Fr. Kalscheur noted that a number of other strong course proposals had been received by the task force, but owing to faculty schedules and other logistical considerations, will be considered for implementation in the 2016-17 academic year.
Faculty members teaching the pilot courses next year say they relish the opportunity to bring together teaching and research interests in the context of the undergraduate core curriculum. In some cases, the collaboration was one practically waiting to happen, such as the Complex Problems course on climate change that will be taught by husband-wife team Assistant Professor of Sociology Brian Gareau and Visiting Professor of Earth and Environmental Sciences Tara Pisani Gareau.
“We haven’t had the chance to collaborate since we met as Peace Corps volunteers in Honduras, so we are very excited about this course,” says Brian Gareau. “This is an opportunity for us to work together on a theme that is quite important to both of our research trajectories.”
By contrast, the thought of combining academic specialties had never occurred to Associate Professor of Biology Katherine Dunn and Associate Professor of Theatre Scott Cummings. Their interaction was of a more personal nature: Dunn had spoken with him about her son, a theater major at another college, and found Cummings to be “a voice of reason and compassion for a worried mom.”
As the core renewal process unfolded, Dunn wondered how a former course of hers, Epidemics, Disease and Humanity, might fit into the Enduring Questions format, paired with a course grounded in a humanities-related discipline. Cummings had a concept in mind for a course centered on theatrical creation and the group/individual dynamic.

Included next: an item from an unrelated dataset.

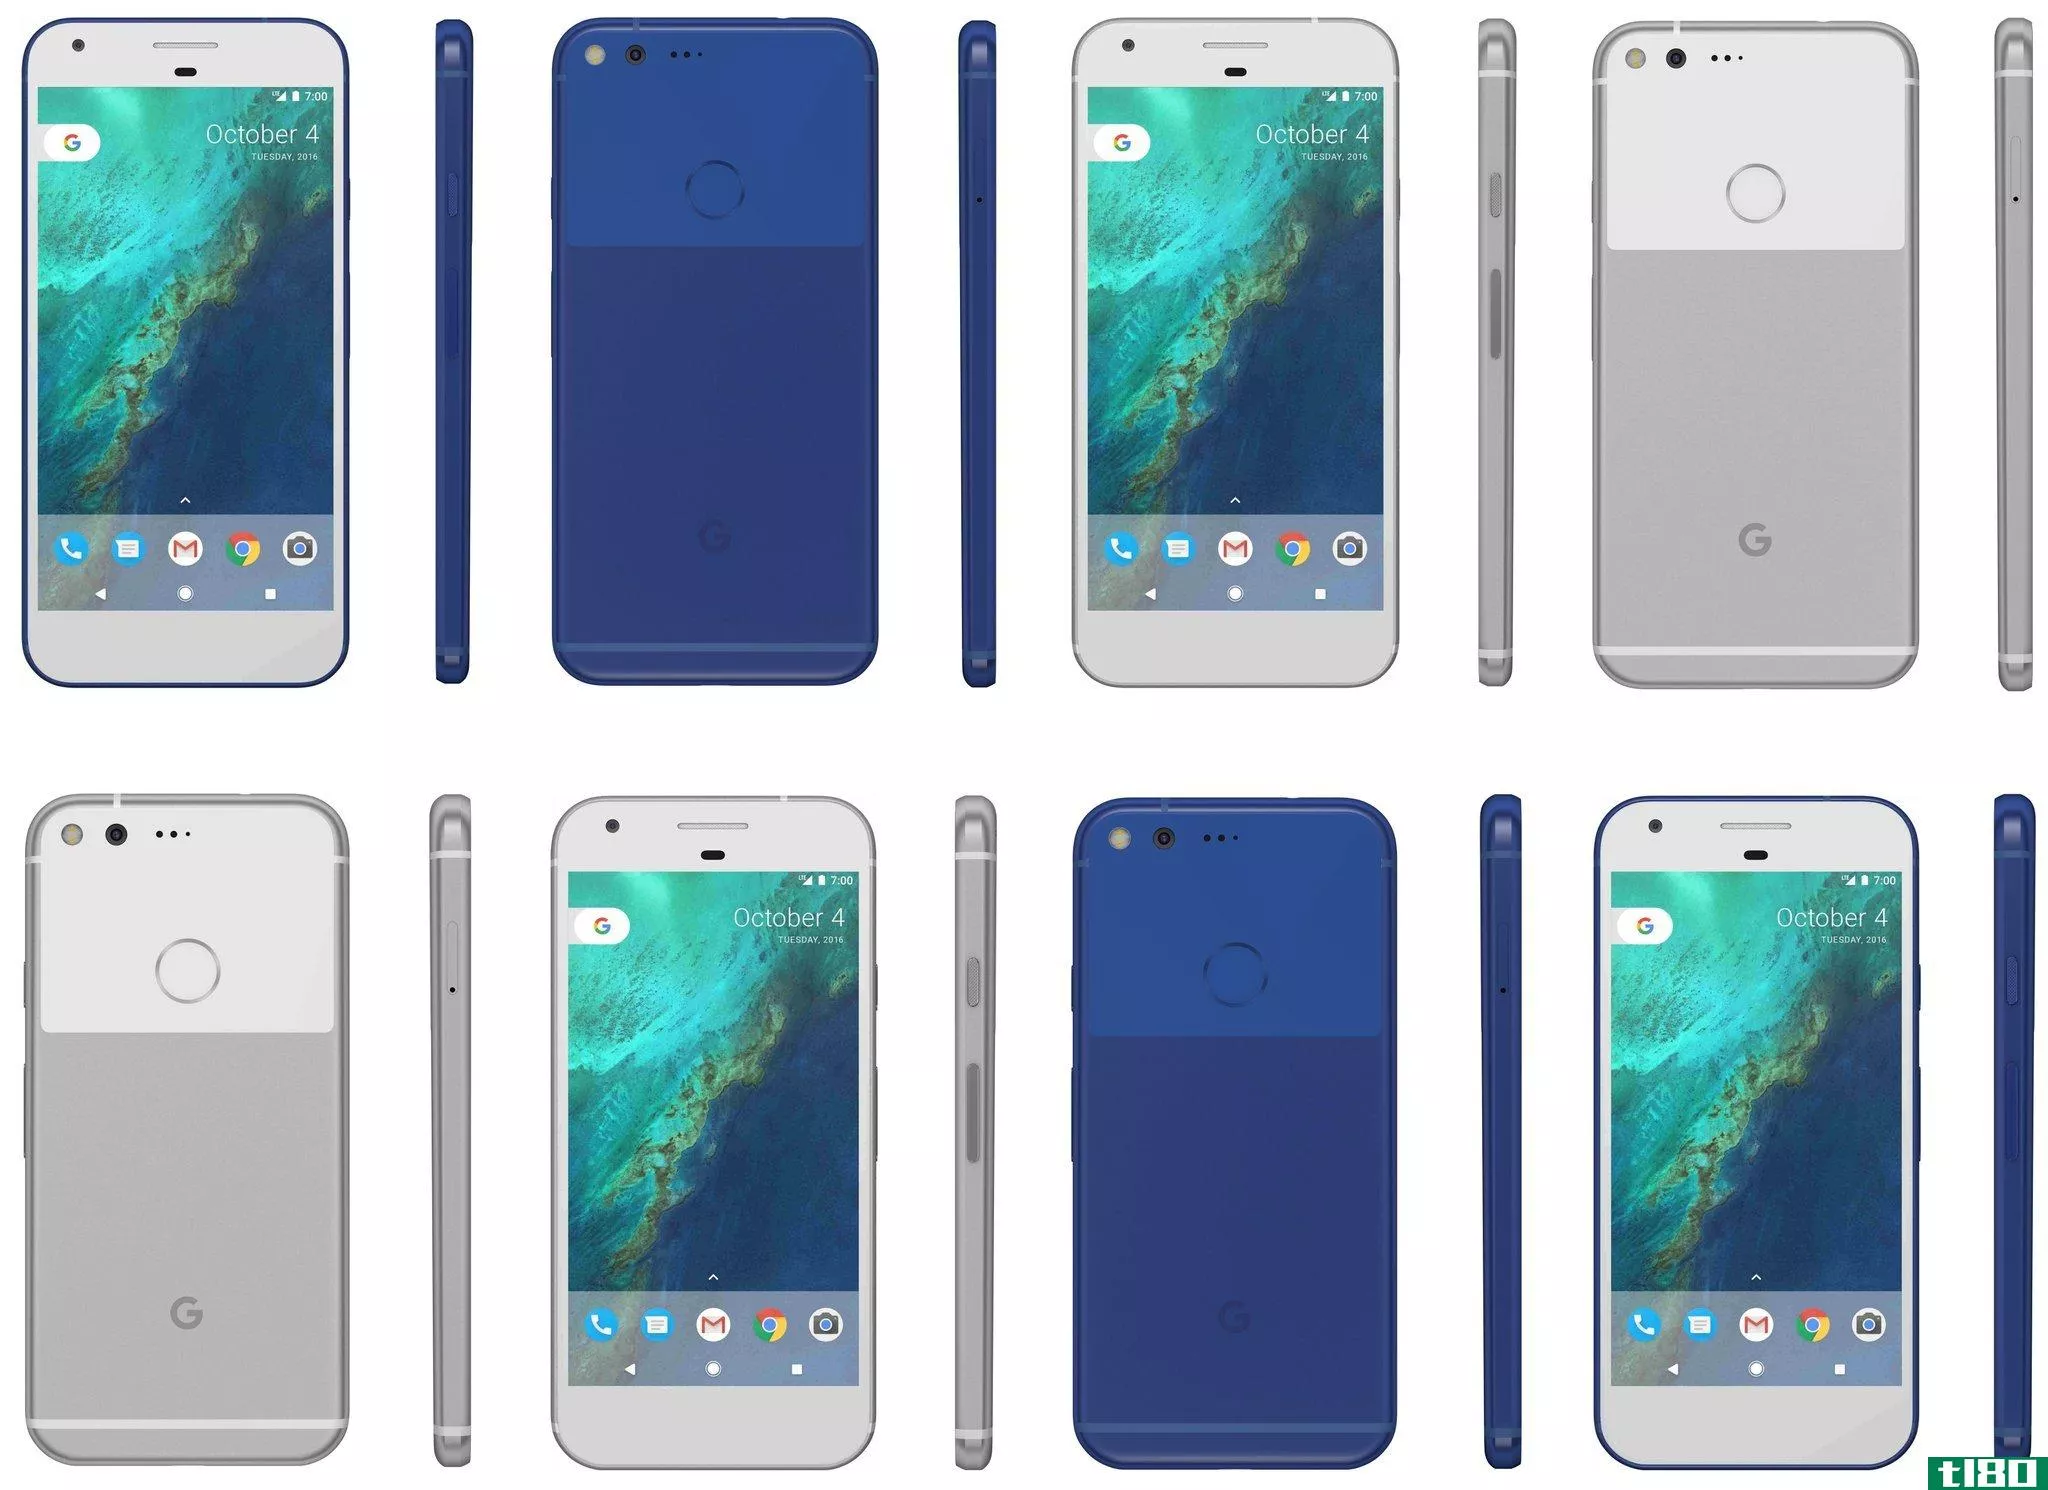 verizon是最新泄露谷歌像素手机的公司，它们的颜色是蓝色的

“The closer I got to proposing my course, the more queasy I became about a pairing that amounted to a kind of academic ‘blind date,’” says Cummings. But then he and Dunn happened to attend a core renewal planning session. “When Kathy showed up at that meeting, my heart did a little dance and I thought, ‘Epidemiology and theatre? Why not?’”

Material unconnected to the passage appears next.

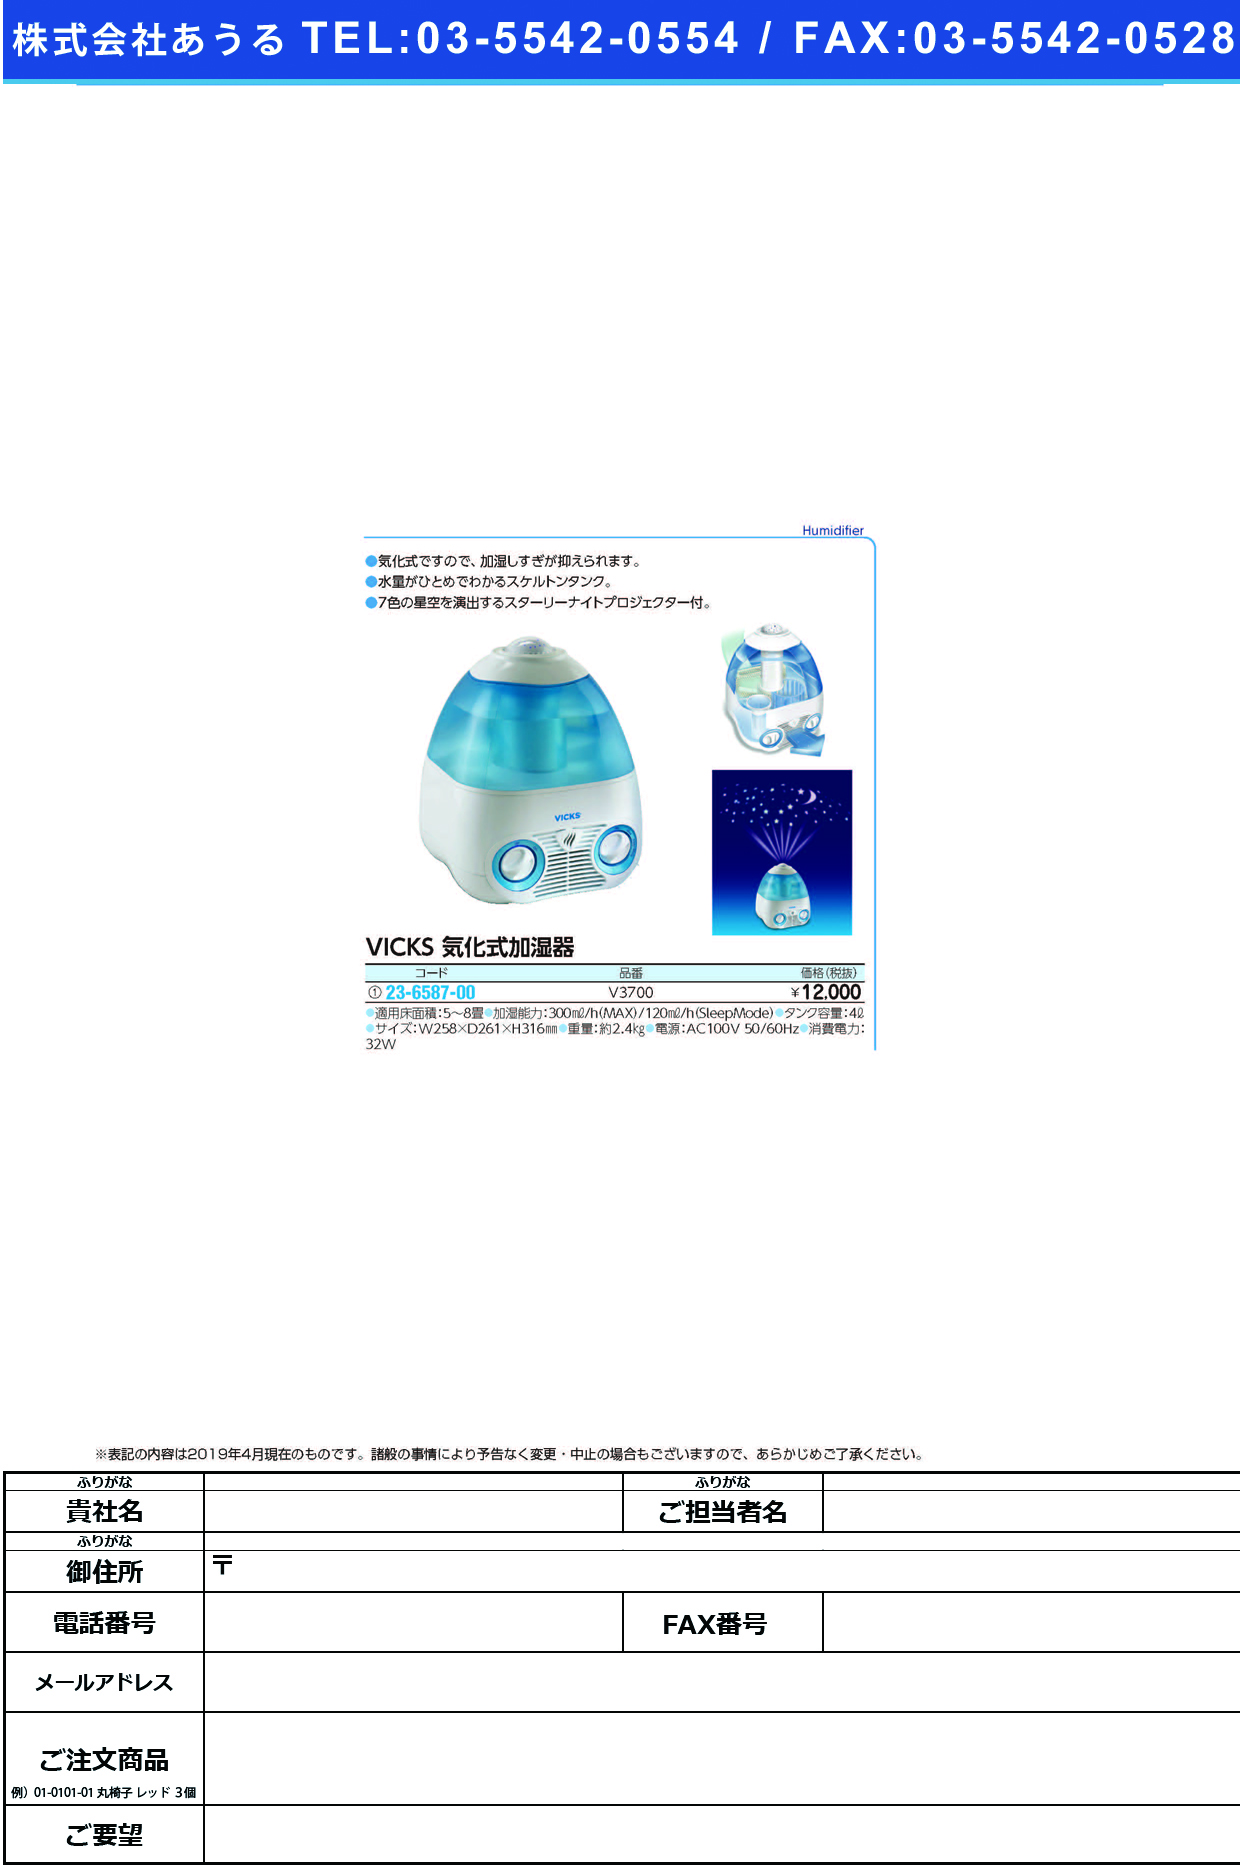 (23-6587-00)ＶＩＣＫＳ気化式加湿器 V3700 VICKSｷｶｼｷｶｼﾂｷ【1台単位】【2019年カタログ商品】

Adds Dunn, “I think we both had the same thought as we looked around the table and tried to imagine with whom we could form some ‘enduring questions.’ In addition to the biology, epidemics have an obvious social context, and theatre is one venue to explore and reflect on its impact, personally and communally.”
Like Dunn and Cummings, Connell School of Nursing Associate Professor Jane Ashley and Professor of English Laura Tanner represent disciplines that appear to have little common ground. But over the course of a 15-year friendship, the two frequently spoke about their classes, teaching methodologies and students’ thought processes. The core renewal initiative provided a means for them to blend their insights, teaching linked courses on the human body in the Enduring Questions format.
“My scholarly interests have always revolved around the human body and its depiction in literature, so when the call for proposals came out I thought of Jane and her work on the body right away,” says Tanner. “In addition to planning shared evening events for both classes, we hope to visit each other’s classes to get a sense of the students’ experiences. I know that Jane is a fabulous teacher, and I am looking forward to learning from her as well.”
Says Ashley, “I love the idea of pairing English and nursing. What could be better then bringing together skills in appreciation, thinking, creativity and communication with a very practical, hands-on, real world application? I hope that our paired courses will encourage our students to be caring, empathetic people who want to change the world.”